"I DO IT MYSELF!" (Or: The Beginning of the End)

The 6:18 a.m. tantrum, which we enjoy daily from Monday through Friday, has reached new heights. My "sweet little cupcake baked by the devil" has decided to dress herself. You'd think I'd be happy about this sort of progress (as in, "awww, she's growing up!"), but I'm not. Trust me, letting her dress herself will only lead to pure misery - for all of us, even the dogs. I remember my middle sister yelling, "I DO IT BY MESELF!" when she was a wee lass, and now her niece is following in her footsteps.

This morning, for the first few seconds after she awoke, we almost thought she was going to be in a good mood.
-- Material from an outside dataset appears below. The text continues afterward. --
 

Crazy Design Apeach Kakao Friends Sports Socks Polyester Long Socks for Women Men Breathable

Ha ha! I made a funny! Hoo, I kill myself sometimes.

It all started to go downhill when I tried to get her dressed and put a Pull-Up on her (this potty training stuff is still in its early stages so I didn't want to get all cocky and send her off to daycare in her Ariel underwear). "No, I do it!" Fine, be my guest. Then she wanted to put on her pants by herself. After five minutes of contortions and crying, they were on. Then came the shoes and socks (I had scored an early victory by slipping her shirt on before she was able to stage a protest). As her breakfast grew ever colder, she was on her back on the floor, red-faced, snot running, one cock-eyed sock partially stuck on her left foot. If she knew any obscenities, she would have shouted them. (She should know a few - she lives with me, after all. Now that I think about it, I'm pretty disappointed in her.) And then a minor triumph - the sock was on. The other foot, however, would not go down so easily. Finally, several minutes later, she was dressed. Or some close approximation - I don't know about you, but I'm sure not going to be the one to tell her when her gear is crooked. (Go ahead, tell her - I triple dog dare you.)
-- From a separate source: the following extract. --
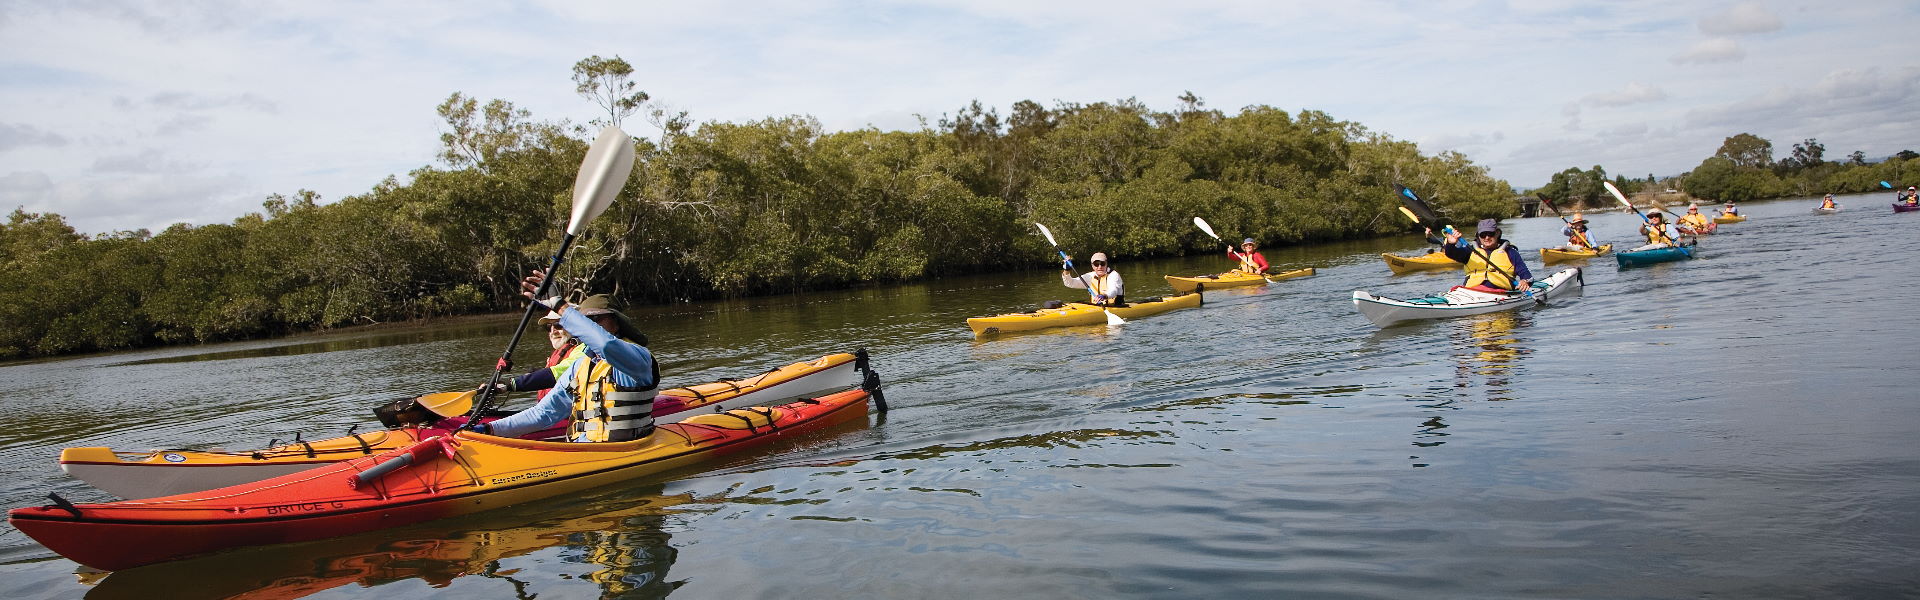 Image showing several people in kayaks

Just when we thought the battle was drawing to a close, she decided that she no longer needs help getting up into her booster seat. We watched her struggle for several minutes. She had her fingers hooked around the back of the chair, legs flailing behind her as she fought to get her knee up onto the plastic seat. We dared not offer our assistance. P and I looked at each other and shrugged. "Did we keep our receipt?" I asked him. "Maybe we could return her?"

Moments later, she was sitting happily in her booster seat, munching a Flintstones vitamin and chatting merrily with the dogs. When it was time for her to leave with her dad, she found me in the bathroom, kissed me on both cheeks, and gave me a hug. "She, um, swings like a pendulum, doesn't she?" He just nodded.